Sans Dieu, l'homme se retrouve vulnérable dans de nombreux domaines. Par exemple, le fragment 54 nous dit que la tyrannie, soit-disante forte, est vouée à l'échec car il y a incompatibilité des moyens et des fins. En effet, La tyrannie est un désir de domination hors de son ordre et de ses mérites. Elle peut s’appliquer a tout et elle mène à l’effondrement. La tyrannie cherche a obtenir ce qu’elle veut par des voies injustes. La coutume aussi, c'est un écran qui nous empêche de réfléchir a notre condition. La justice, qui varie selon les fondements culturels. Ce sont des puissances trompeuses. L'homme sans dieu est à la merci des apparences. En revanche, l'homme avec Dieu connait la conduite à adopter. Dans ces trois discours sur les grands, Pascal nous informe de la véritable nature de la grandeur. Dans le premier, il utilise l'exemple dans homme que le hasard a fait roi. Sa grandeur vient donc du fait que les hommes l'ont fait grand, mais ne vient pas de la nature, qui offre un titre de grandeur qui ne varie dans le temps ni dans l'espace. Il se doit donc de gouverner et d'agir selon son rang, sans oublier pour autant ca condition d'homme.

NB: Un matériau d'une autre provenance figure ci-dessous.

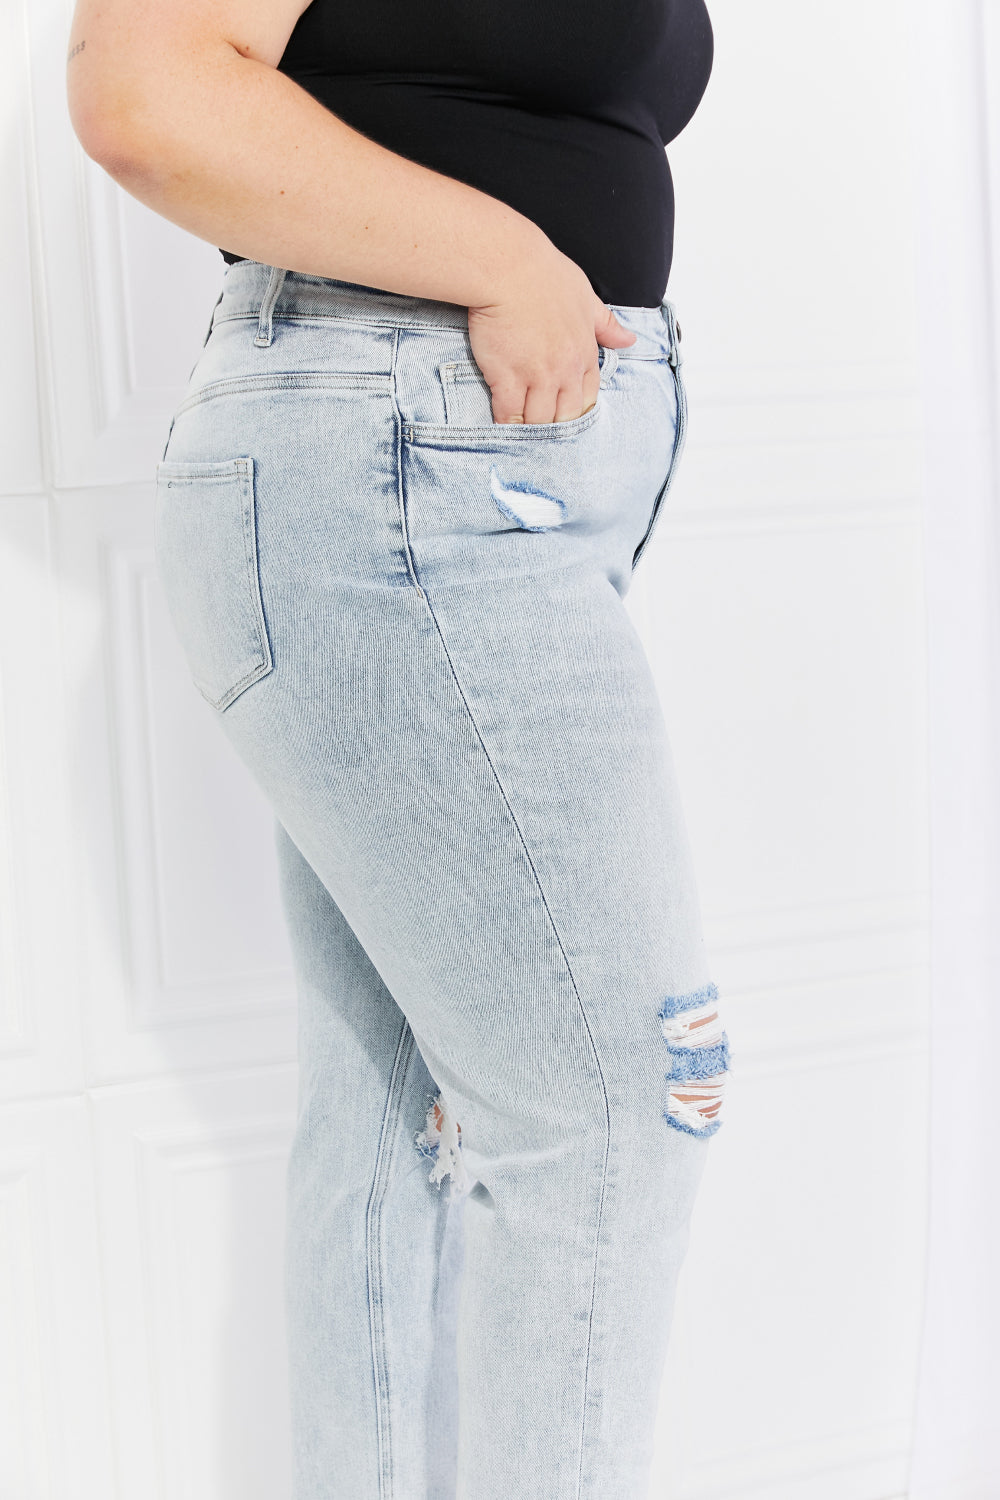 Distressed Cropped Jeans Pants

Pascal ici nous prouve que l'acceptation de notre condition humaine que nous offre la religion est indispensable à la cohésion sociale, ce qui fait un argument de plus à sa faveur.

La conduite à adopter dans la société est donc dictée par la foi, mais un autre avantage ressort des fragments : croire, ca n'engage à rien. C'est le pari que lance Pascal aux libertins. Les termes en sont à peu près ceci : vous pariez sur l'existence de Dieu, vous vivez dans la rédemption et la foi, et en effet celui-ci existe, vous avez gagné votre place pour le paradis, aller simple. S'il n'existe pas, vous n'aurez rien perdu. Si vous pariez sur son inexistence, et que vous passez votre vie à jouer et profiter de votre concupiscence, et si dieu n'existe pas, vous retournerez après votre mort dans le néant dont vous venez, et rien n'aura changé. Si en revanche celui-ci existe, vous retournerez quand même dans le néant, loupant ainsi la béatitude éternelle. Avoir la foi, c'est donc bénéfique dans tout les cas. Mais dans ce pari, où se trouve la véritable foi? Car la vraie foi est celle que l'on a sans songer aux bénéfices post-mortem... 

 

Nous avons donc vu que Pascal, après nous avoir intéressé par sa description de notre condition cherche à nous faire adhérer à l'idée que la croyance est la seule voie au bonheur, et ensuite qu'il oppose l'idéologie libertine aux mœurs chrétiens, prônant ce dernier. Il a fait dans les Pensées l'apologie du christianisme, il a dépeins l'homme mais surtout il a tenté de nous convaincre d'adhérer à la religion, faisant ainsi l'argumentation qui conduit cette œuvre à revêtir une dimension dialogique. Notons enfin que pour rendre ses pensées attrayantes, il utilise des figures de styles et de pensées basées sur le paradoxe, ce qui reflète de toutes évidences notre conditions d'homme mortel.